**Supplied data**
----------------------------------------
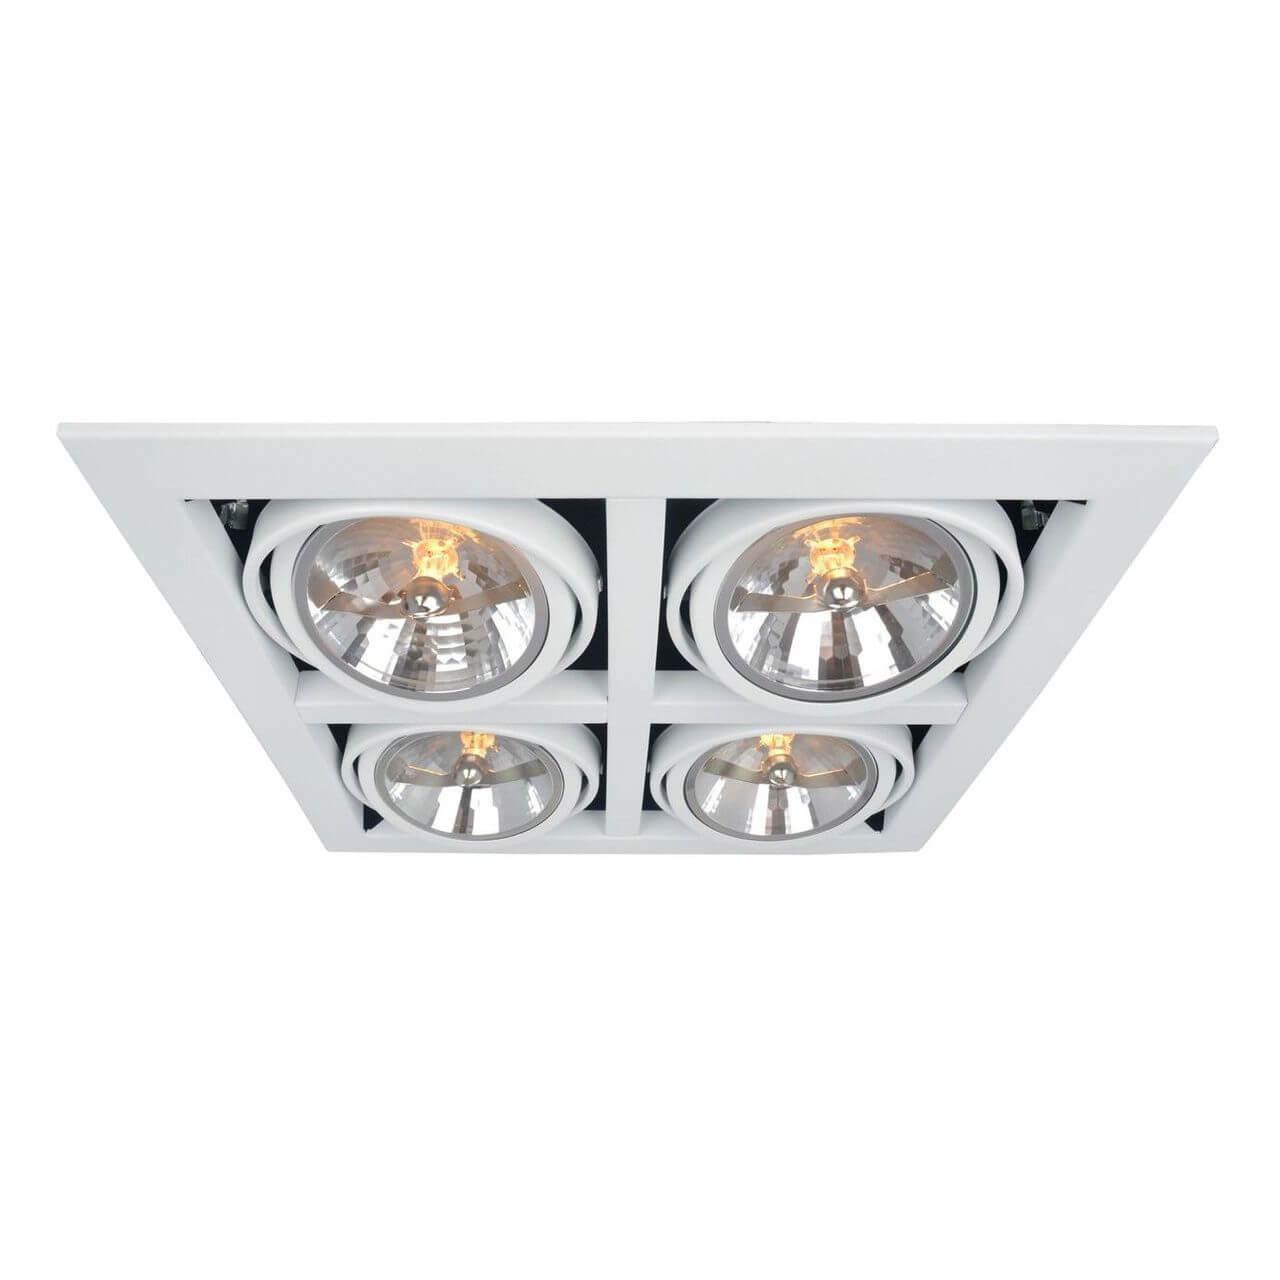 Светильник Arte Lamp A5935PL-4WH Cardani White цена 2017
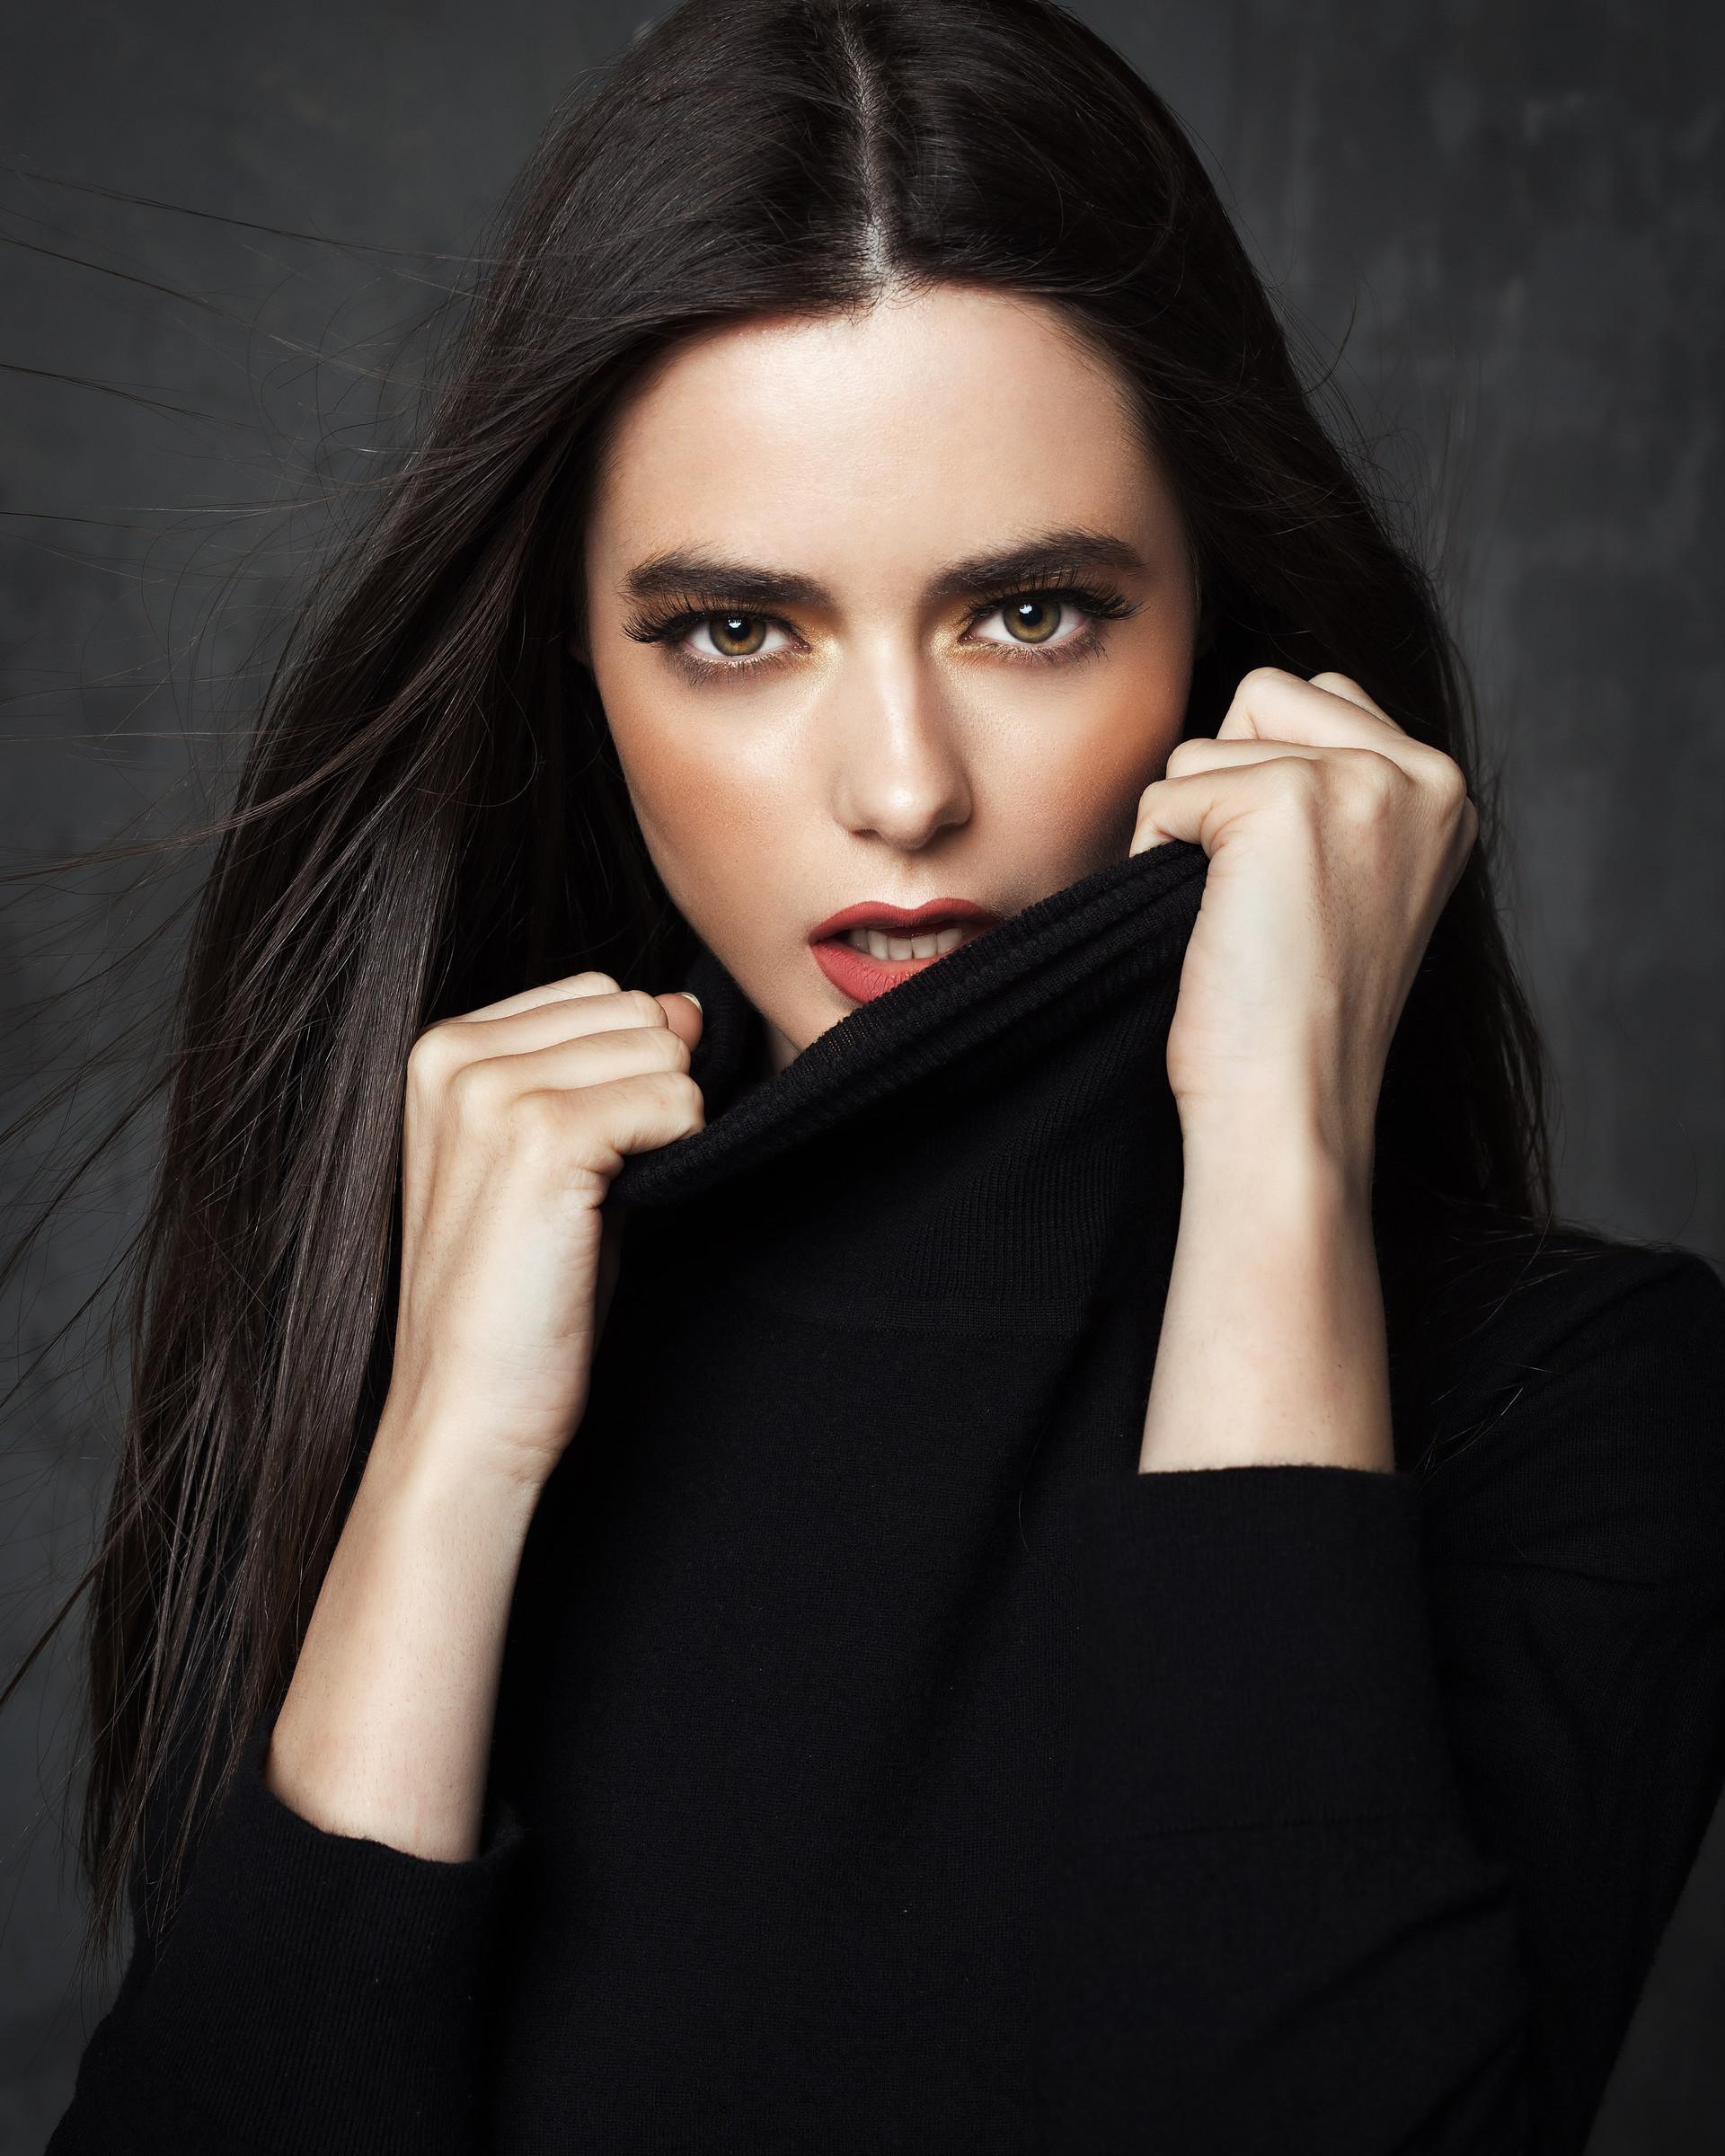 Photographer: Dookie Ducay Stylist: Jebby Fronda Hairstylist: Raven Dizon of Jing Monis Model: Bronija Ales For BYS Cosmetics
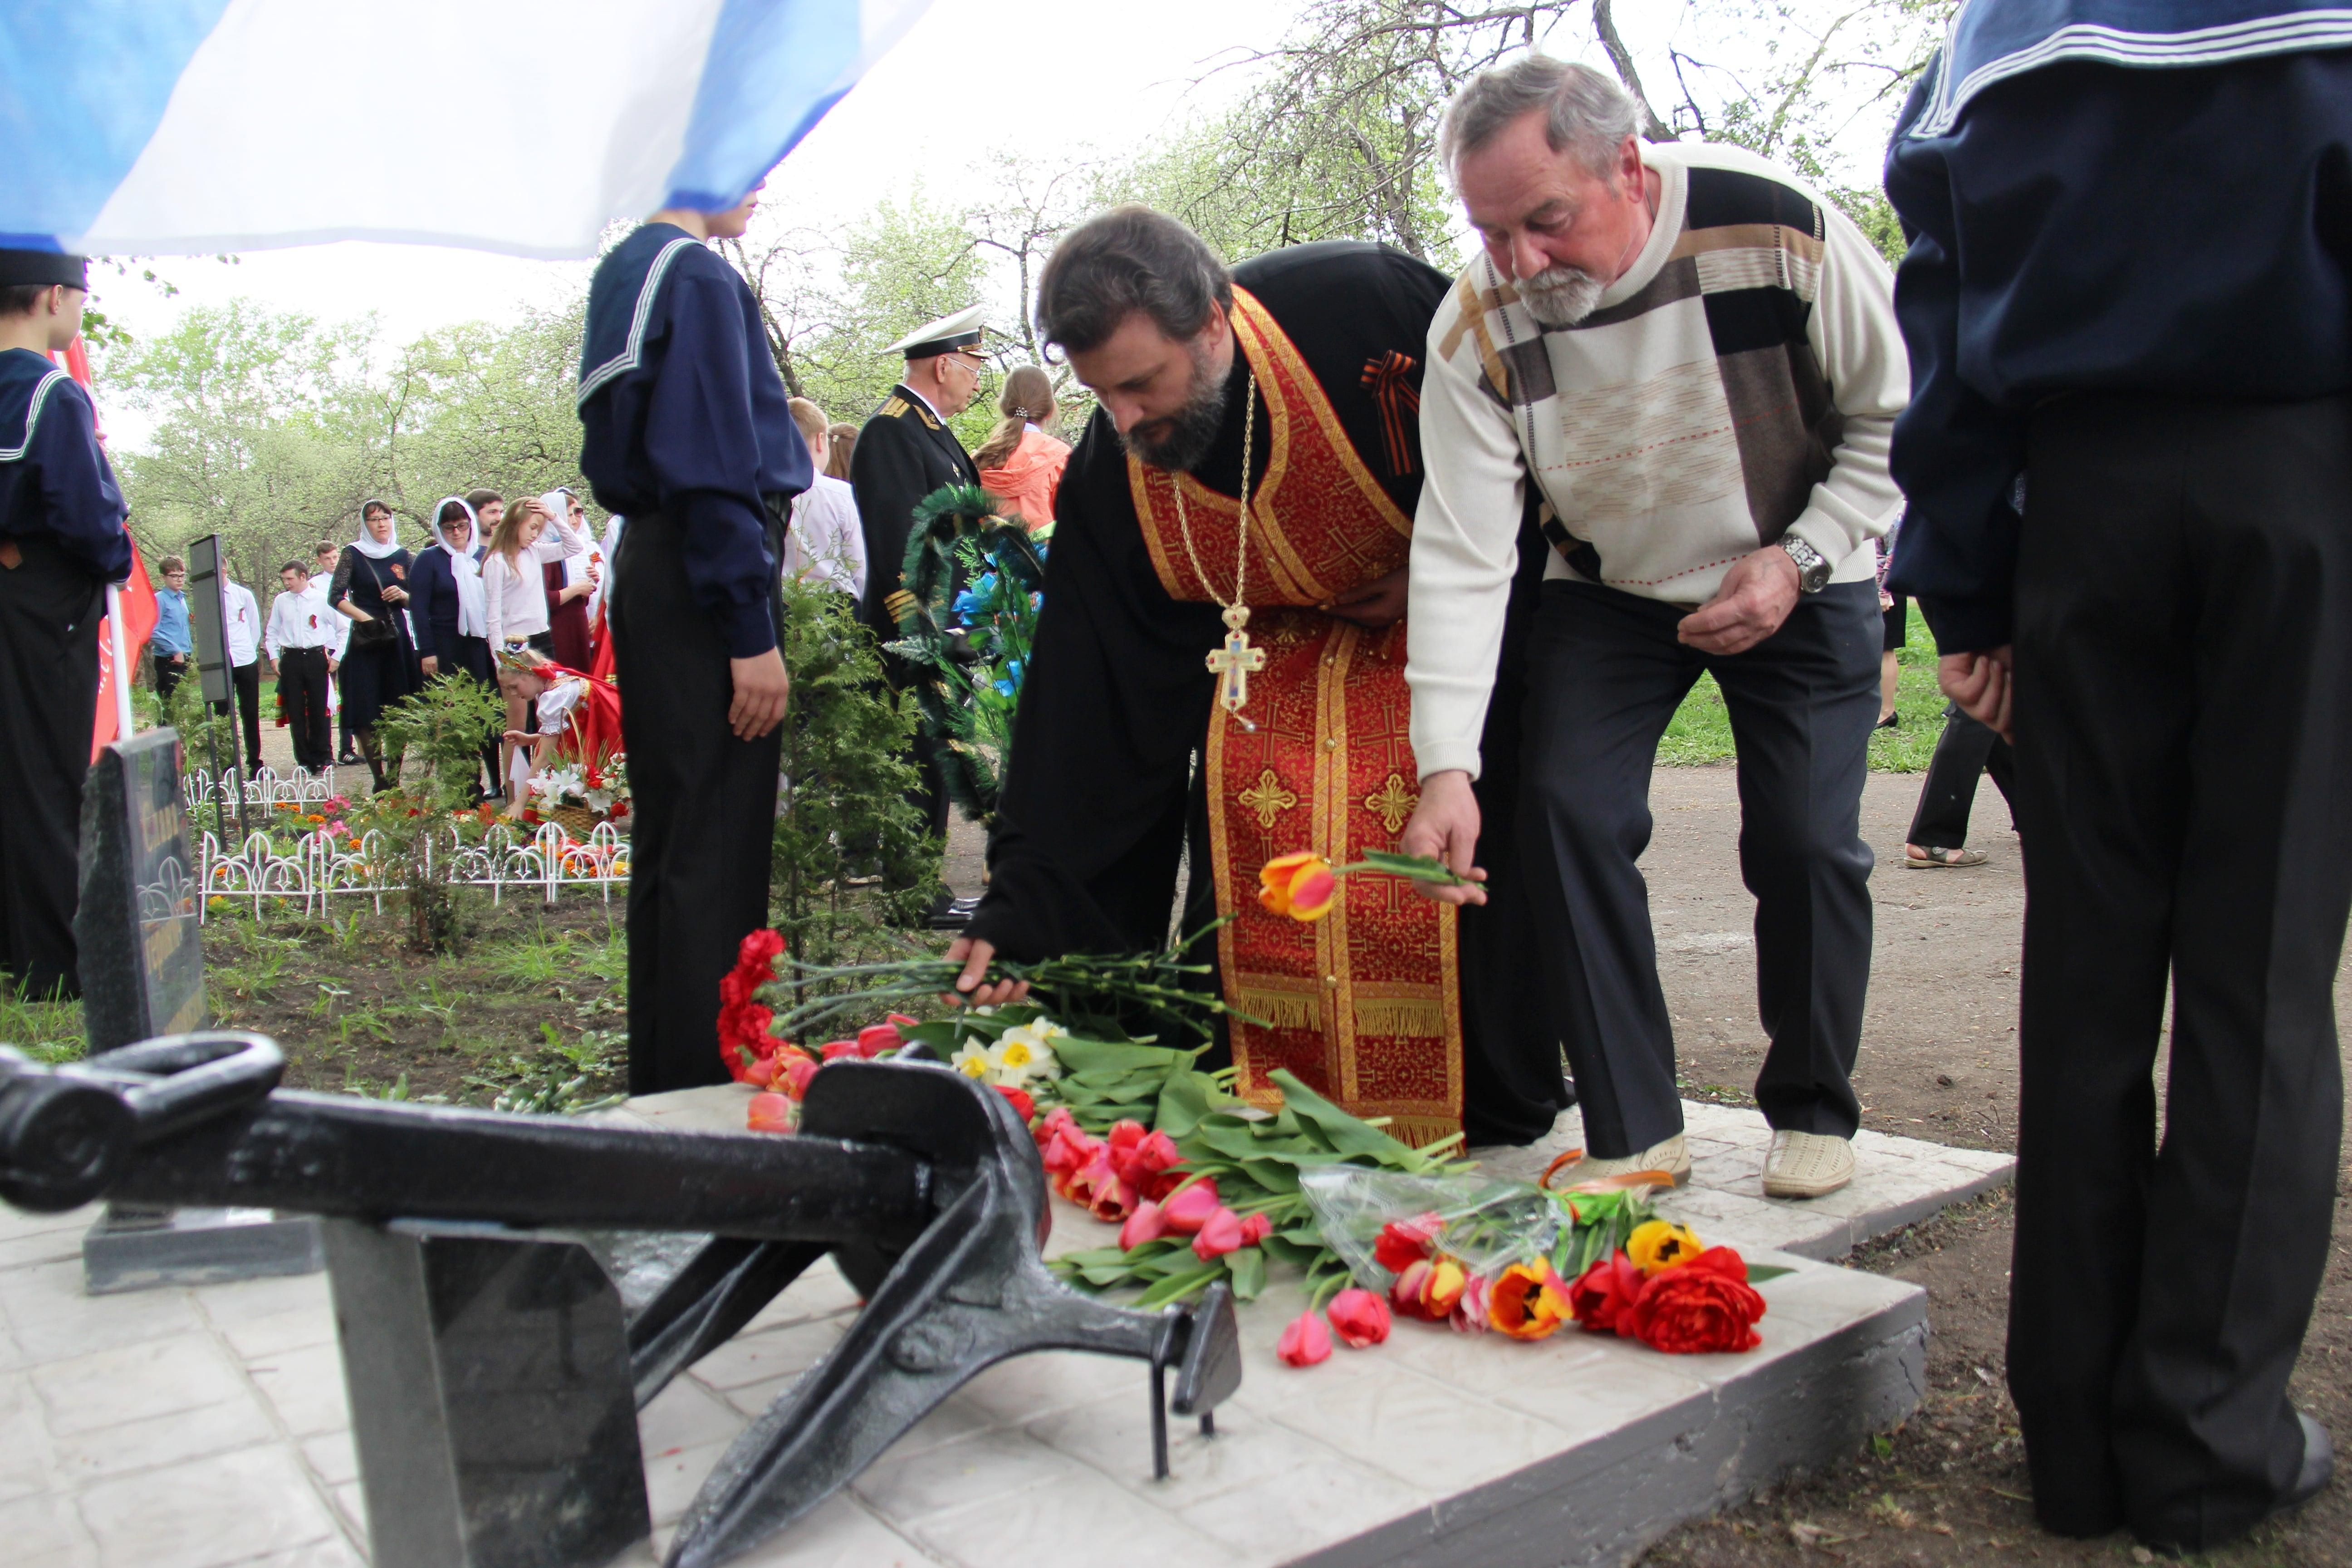 http://monuspen.ru/photoreports/b3afe9db7b5af7083492e2c5aff7c192.JPG
----------------------------------------
**Task description**
Repeat the data word for word; drop the pictures.

**Reply to the exercise**
 Светильник Arte Lamp A5935PL-4WH Cardani White цена 2017
 Photographer: Dookie Ducay Stylist: Jebby Fronda Hairstylist: Raven Dizon of Jing Monis Model: Bronija Ales For BYS Cosmetics
 http://monuspen.ru/photoreports/b3afe9db7b5af7083492e2c5aff7c192.JPG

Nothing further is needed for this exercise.